Helgart Slabbert, project manager at Valumax, was similarly glowing in his appraisal of the partnership. “We, as developers, want to be responsible and help Johannesburg Parks to green these areas. We don’t want this to just be another development, but rather something that the people who live here are proud of and want to maintain,” he said.

The duty of maintaining the newly planted trees will fall on Valumax, who have an ongoing community responsibility project that involves people from the community being trained in how to manage the landscape. Once the entire mega-city project is completed, the duty for caring for the plants, trees and parks will fall on JCPZ.

Maduka, addressing the residents of Riverside View, explained that this project builds on JCPZ’s previous efforts to green low-cost residential areas, such as Cosmos City.

“This is a brand-new suburb that can only grow. I recall a similar planting and unveiling of new parks at Cosmos City when the development was first launched. There was much excitement and hope, but unfortunately over time Cosmos City has lost its shine. I want to therefore appeal to the residents who are participating to remain proud of this beautiful, contemporary, clean and green suburb of Riverside View, which is yours to protect,” he said.
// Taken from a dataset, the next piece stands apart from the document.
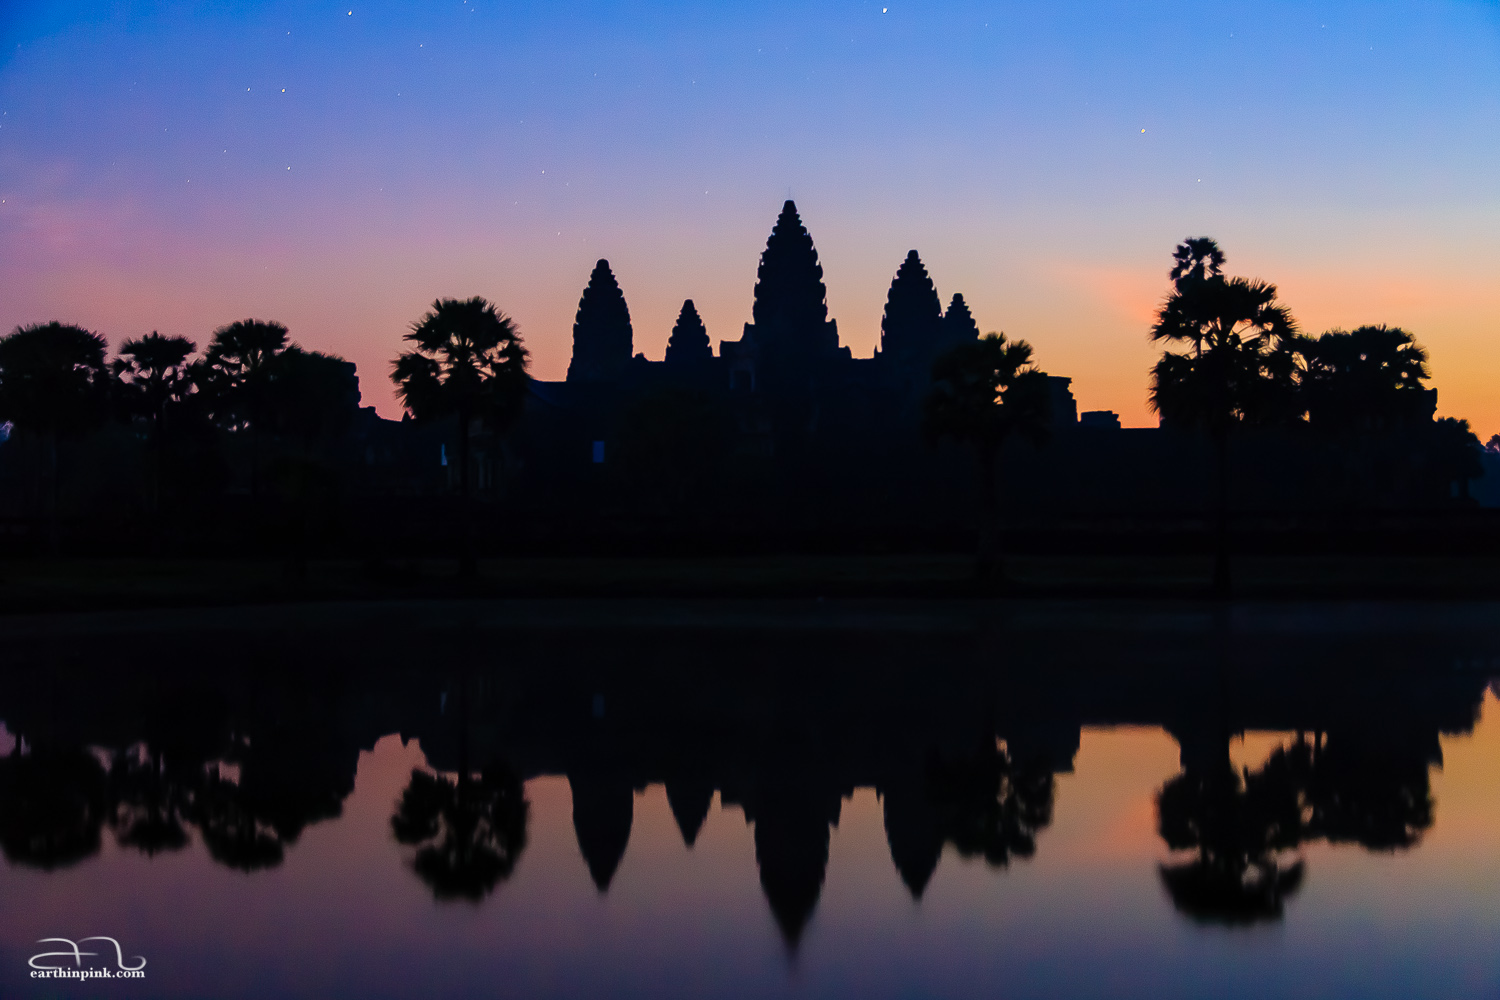 The obligatory "sunrise over Angkor Wat" photo-op.

As all the speakers noted — every tree matters. In a city of at least 3.6-million street trees, it is a civic responsibility for everybody to plant and maintain these trees and take care of nature in the suburbs. The day’s powerful tree planting initiative added to the city’s commitment to not only the residents of Riverside View, but also to the entire ecosystem that will develop, thanks to the prioritisation of arbour — which means “shelter” — and the life it provides.